In this simple model, the embedding table does not yet function as a semantic vector space (like "King - Man + Woman = Queen"). Here it is a simple lookup table. When the model sees the letter "a", it looks up row "a" in the table. There are probability scores (logits) for all possible letters that could come next.

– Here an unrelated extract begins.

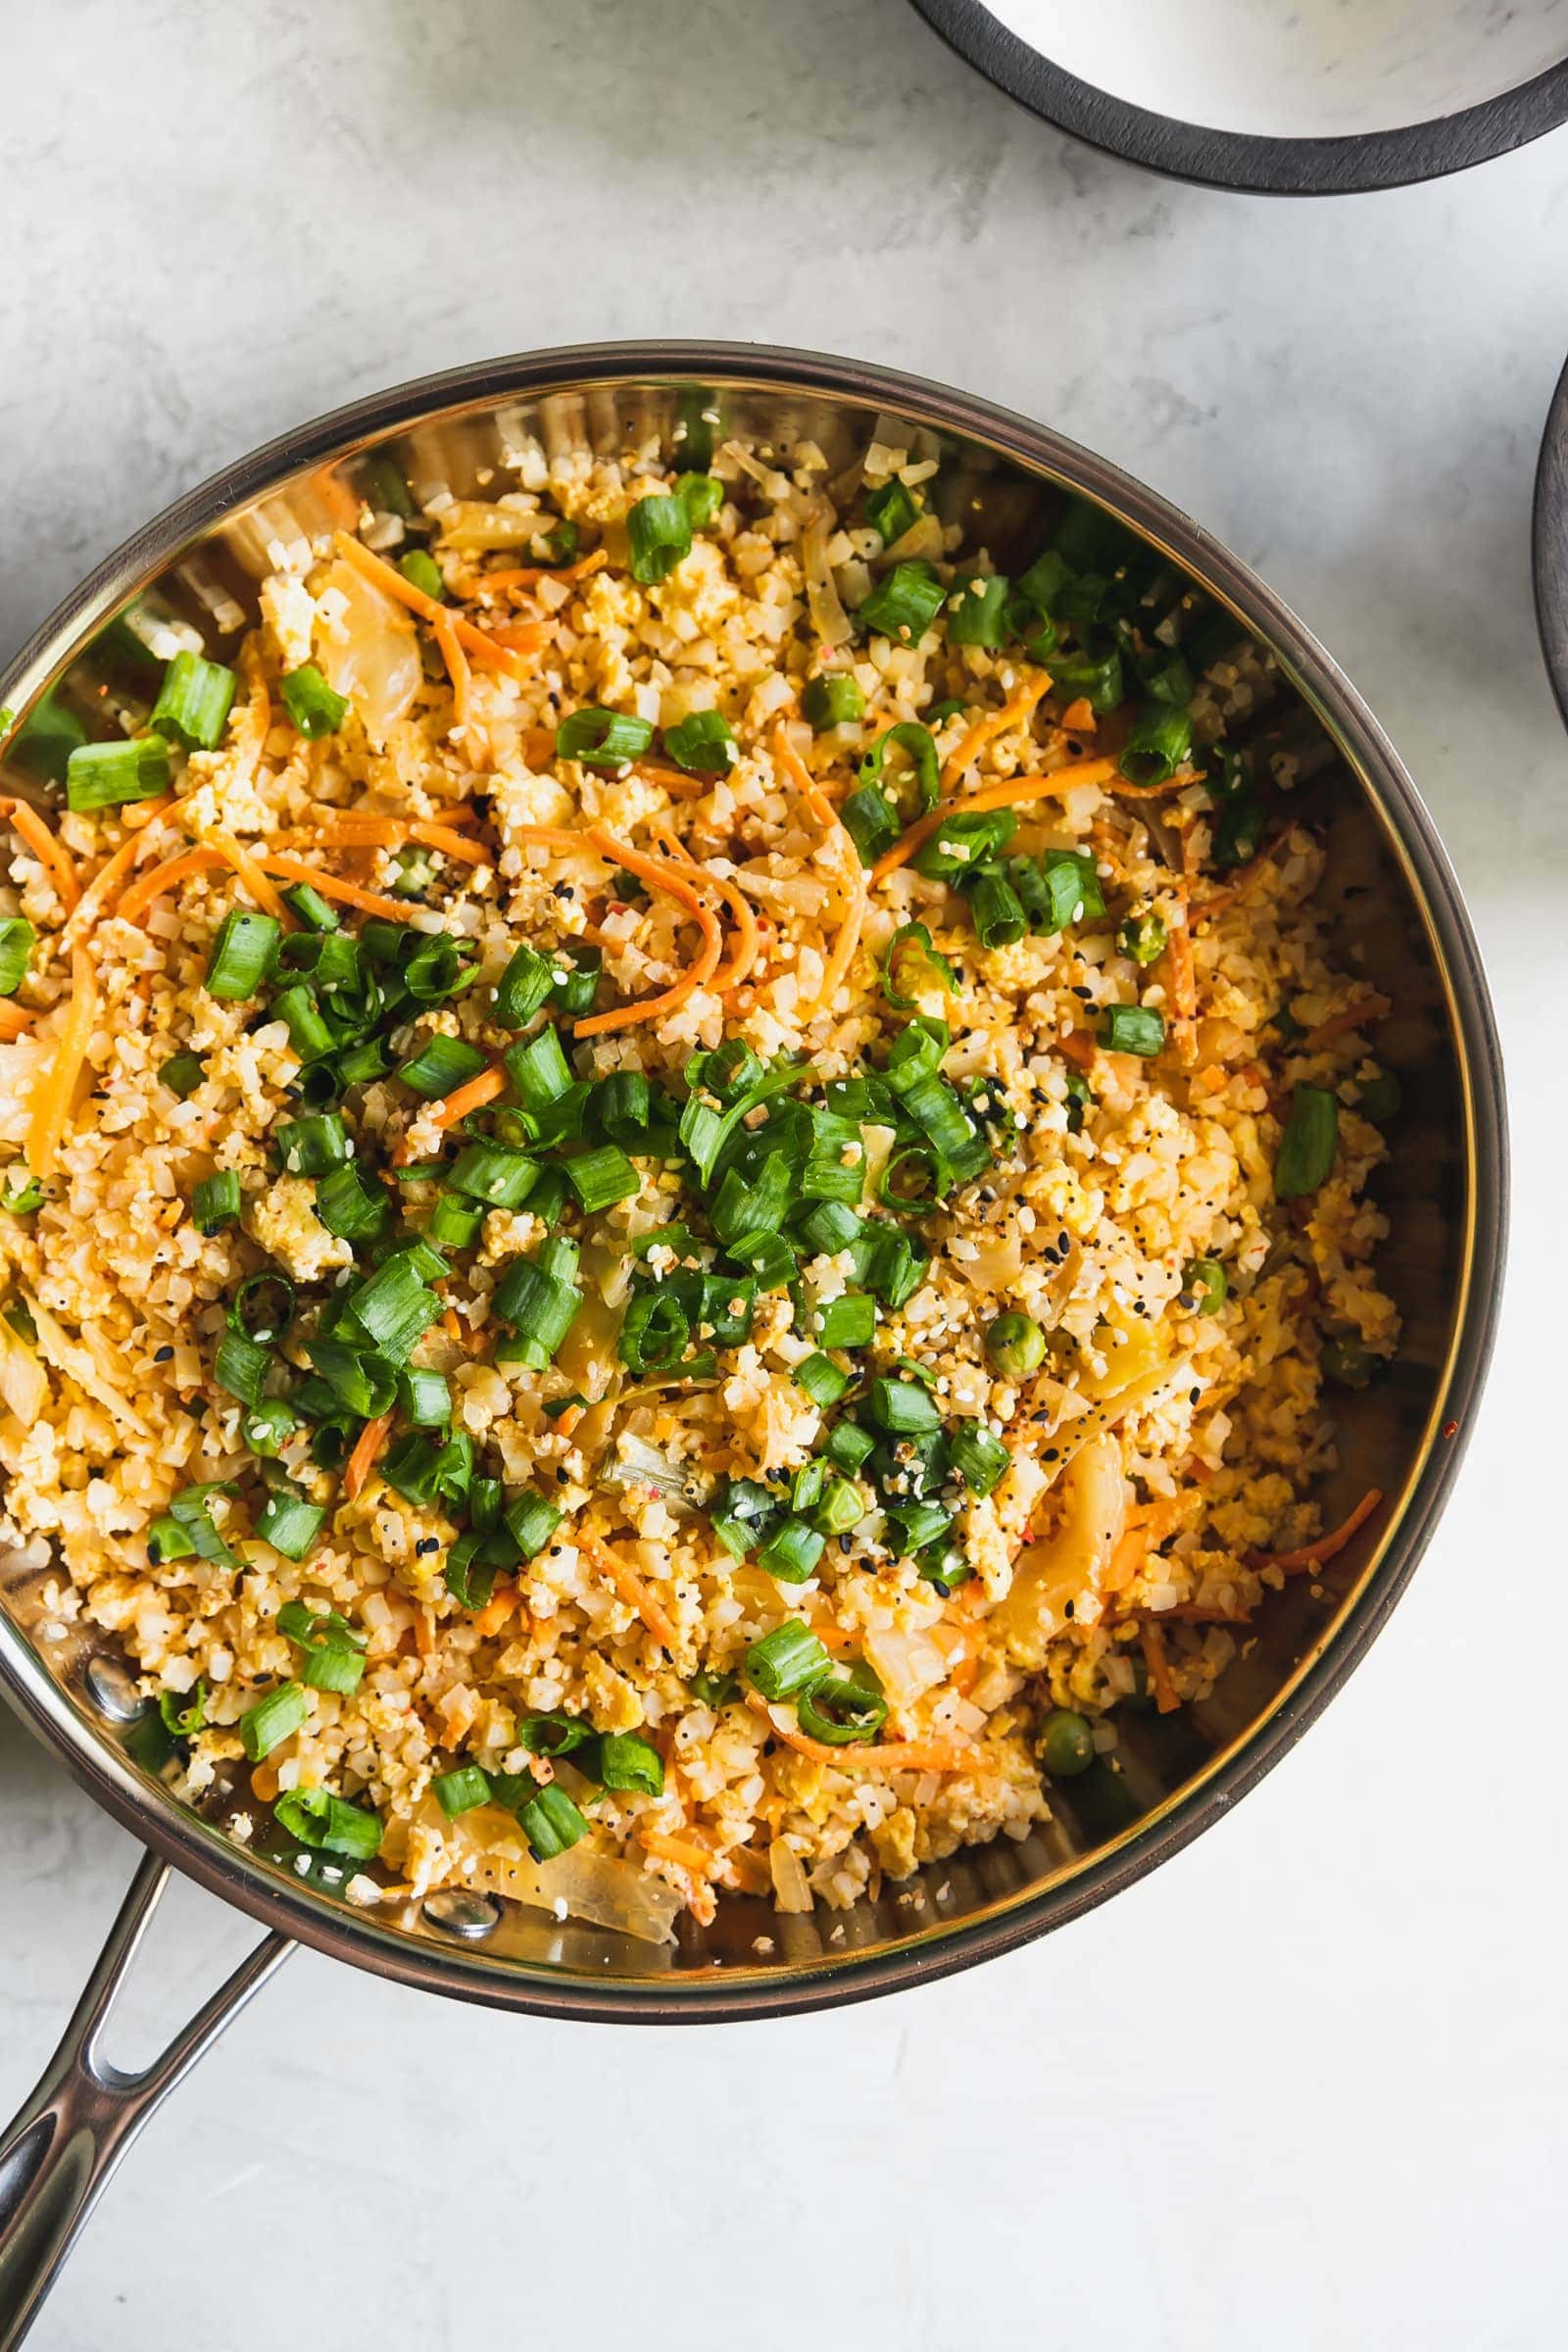 Love fried rice? Here's a healthier alternative made with riced cauliflower, peas, carrots, kimchi, garlic, soy sauce, and chili paste. Ready in just 15-minutes!

## 3. Initialization and Training of Bigram Language Model

### Model initialization

Initialize the model and move to device

In [18]:
# initialize the model and move to device
model = BigramLanguageModel(vocab_size)
model = model.to(device) # Move model to M4

# Optimizer (AdamW is standard for LLMs)
optimizer = torch.optim.AdamW(model.parameters(), lr=learning_rate)

### Training Loop
Training the bigram language model using mini-batch gradient descent and periodic loss estimation.

In [19]:
print("Start training ...")
for iter in range(max_iters):
    # Every eval_interval iterations, estimate loss on train and val sets
    if iter % eval_interval == 0:
        losses = estimate_loss(model)
        print(f"Step {iter}: Train Loss {losses['train']:.4f}, Val Loss {losses['val']:.4f}")

    # Get a batch of data
    xb, yb = get_batch('train')

    # Forward pass
    logits, loss = model(xb, yb)

    # Backward pass and optimization step
    optimizer.zero_grad(set_to_none=True)
    loss.backward()
    optimizer.step()

Start training ...
Step 0: Train Loss 4.7627, Val Loss 4.7633
Step 300: Train Loss 2.8415, Val Loss 2.8635
Step 600: Train Loss 2.5515, Val Loss 2.5881
Step 900: Train Loss 2.4970, Val Loss 2.5305
Step 1200: Train Loss 2.4908, Val Loss 2.5049
Step 1500: Train Loss 2.4716, Val Loss 2.5028
Step 1800: Train Loss 2.4557, Val Loss 2.4971
Step 2100: Train Loss 2.4725, Val Loss 2.4942
Step 2400: Train Loss 2.4637, Val Loss 2.4956
Step 2700: Train Loss 2.4644, Val Loss 2.4894


## 4. Save the trained model weights

In [20]:
model_path = "models/bigram_shakespeare.pt"
torch.save(model.state_dict(), model_path)
print(f"\nModell-Gewichte gespeichert unter: {model_path}")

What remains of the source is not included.